George also didn't mention ginger root.  I love ginger root, but it usually goes moldy in the fridge before we can use the whole thing.  Keep it in the freezer!  Wrap it in a couple layers of freezer bag, and it'll be good for up to a year.  I've kept mine for that long anyway, and it still tastes fine.  It's great for stir fries, soup or tea like this.  If you have a recipe that calls for "fresh" ginger root, you may want to go buy one, and then freeze what's left over.  Garlic cloves can also be frozen.

Avocados!  These are tricky little fruits, but oh so tasty!  I usually buy the bag of 5 or 6 of them, and when I get home I put the darkest one on the counter for eating within the next day or 2, and put the rest in the fruit crisper.  I take out one as I am about to eat the one that's on the counter.  Keeping it in the fridge will slow down the ripening process, putting it on the counter with other fruit will speed it up.

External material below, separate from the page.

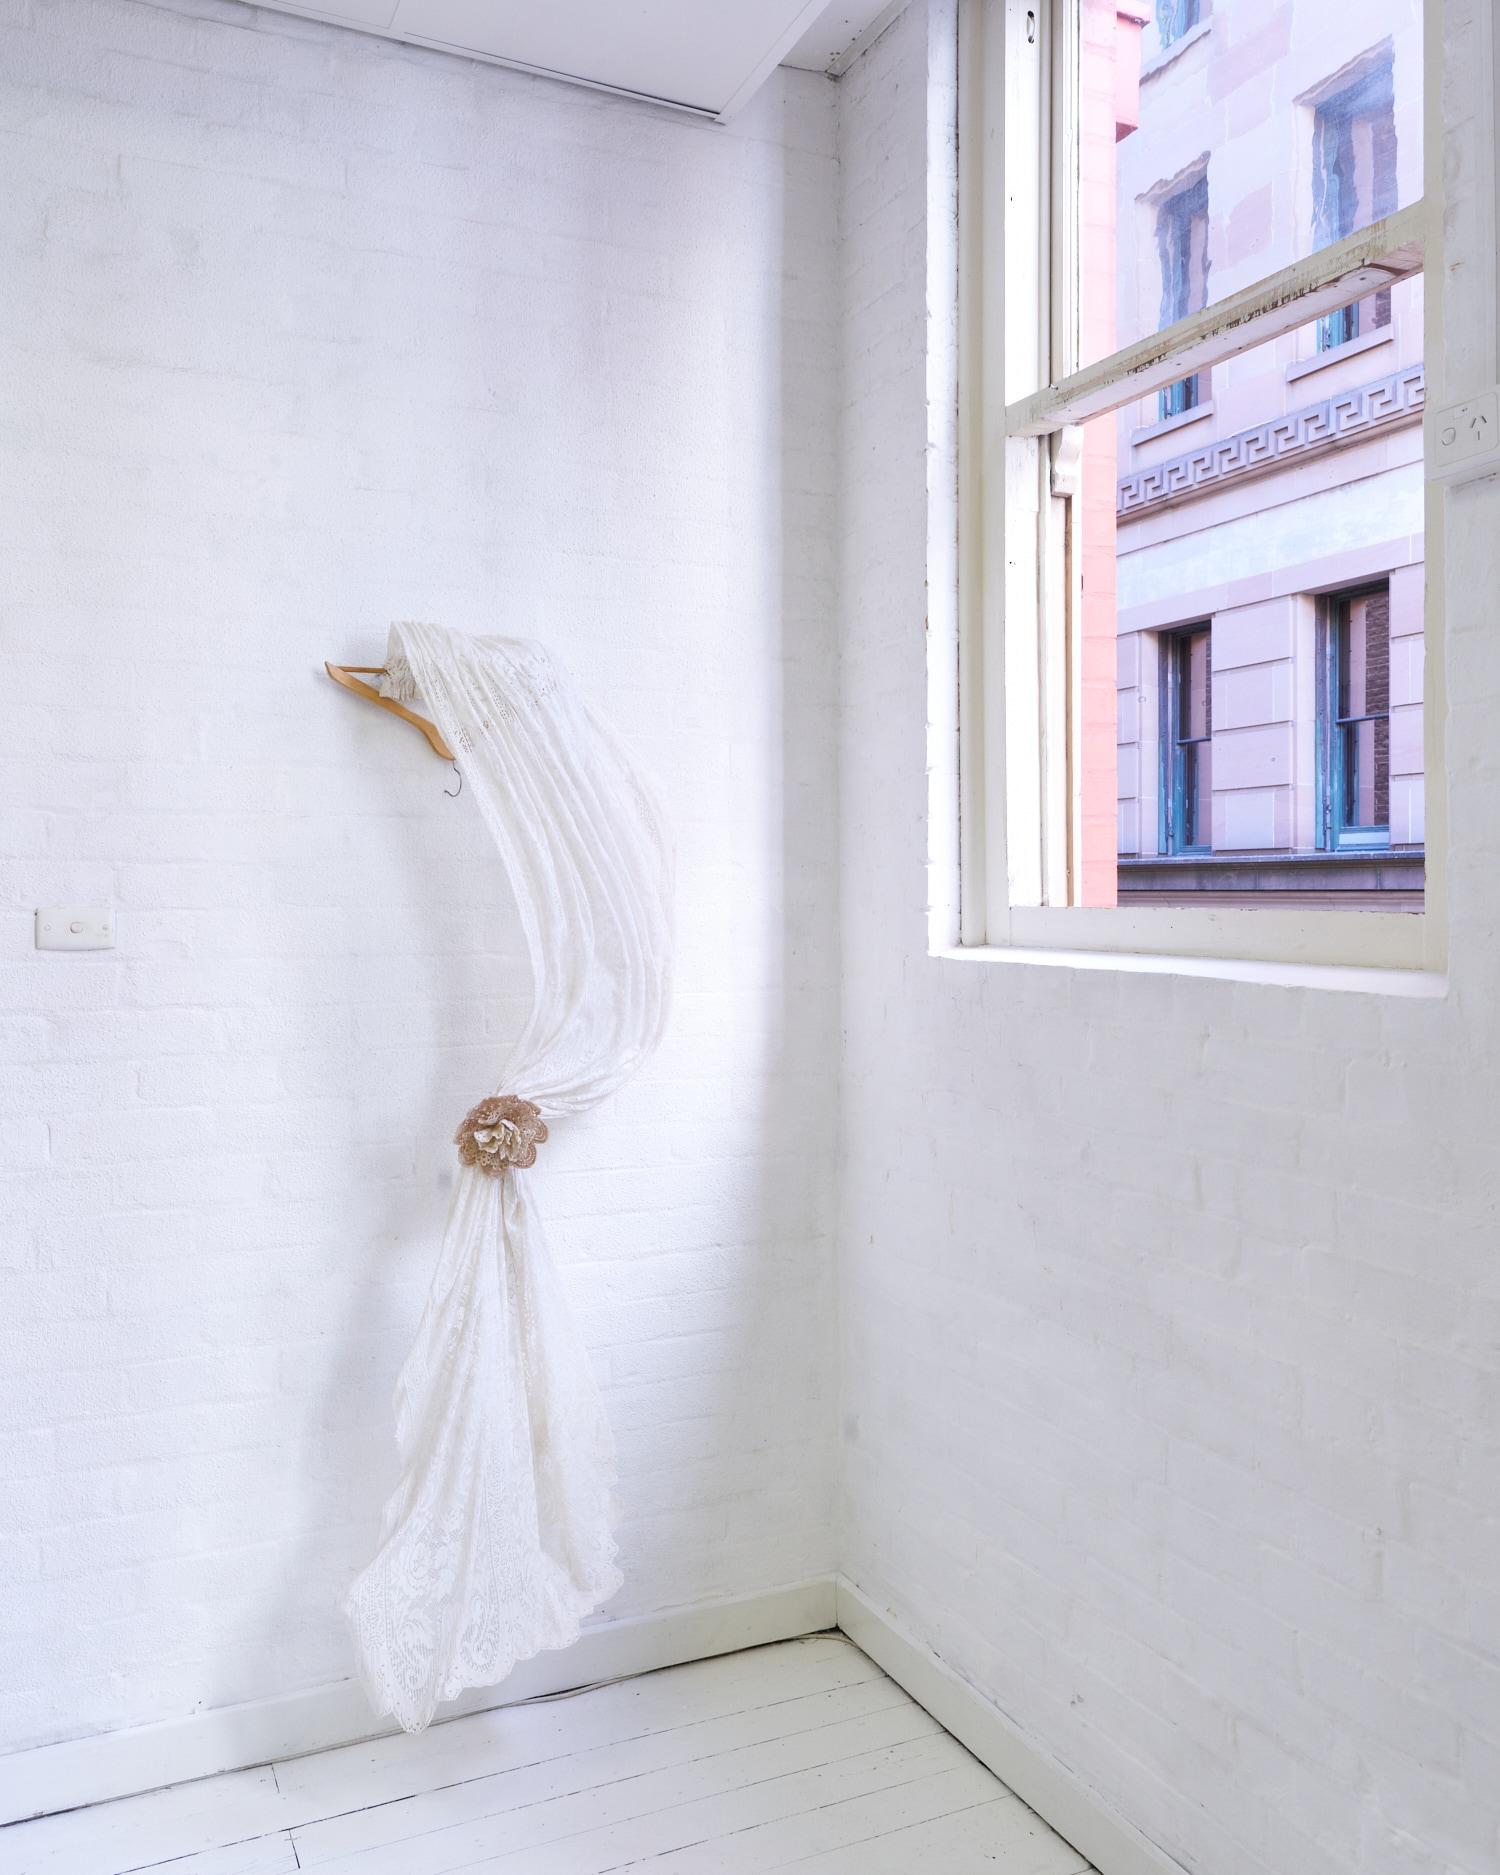 Tamara Baille,    Roman blind,  2019.   Lace curtain doilies, sugar, coat hanger.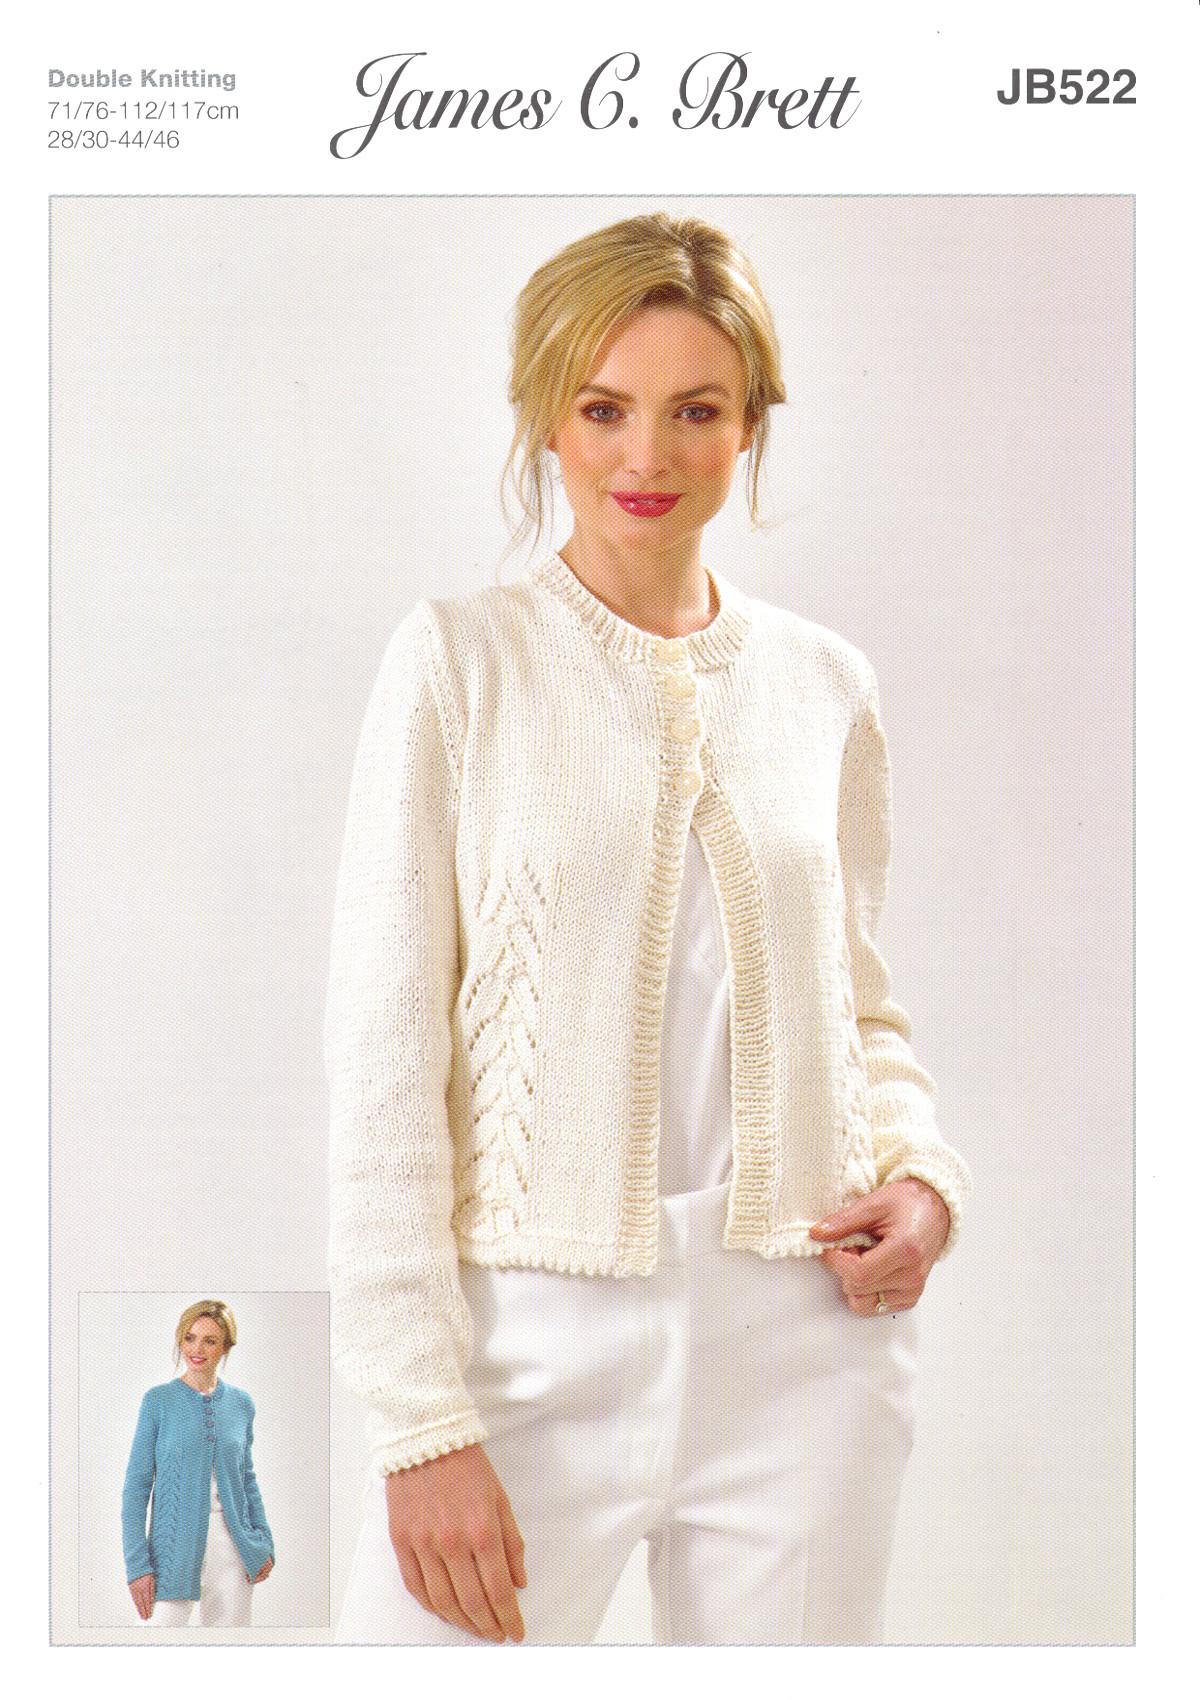 fe12414bd Details about James Brett Womens Knitting Pattern Glisten DK Long or Short Lace  Cardigan JB522

Things that don't need to be refrigerated!  Potatoes, whether white or sweet, do not need to be in the fridge, and keeping them there can actually affect the taste.  Keep them in a cool dry place.  If you have a root cellar, it's called that for a reason ;)  Use it!  Carrots, beets, turnips, parsnips etc can all be kept in the root cellar, or a cool humid place.  They're ok in the crisper, but if you have a place under that stairs, or in the basement, they're good there too.  Just don't forget about them.  This blog here has a lot of tips for storing root vegetables.  As does Mother Earth News.

Tomatoes also do not need to be kept in the fridge, and will taste better if they're not.  Keep them on the counter, and only buy as many as you're going to use before they go bad.  Citrus fruits, apples, pears, etc also do not need to be in the fridge, but will be ok in the crisper.  Again, don't buy more than you're going to use.  Bananas can be frozen.  I peel them first, and put them in a freezer bag.  They're good for smoothies or ice cream, but not much good in lunches ;)  They do turn a bit brown after a while, but that's ok.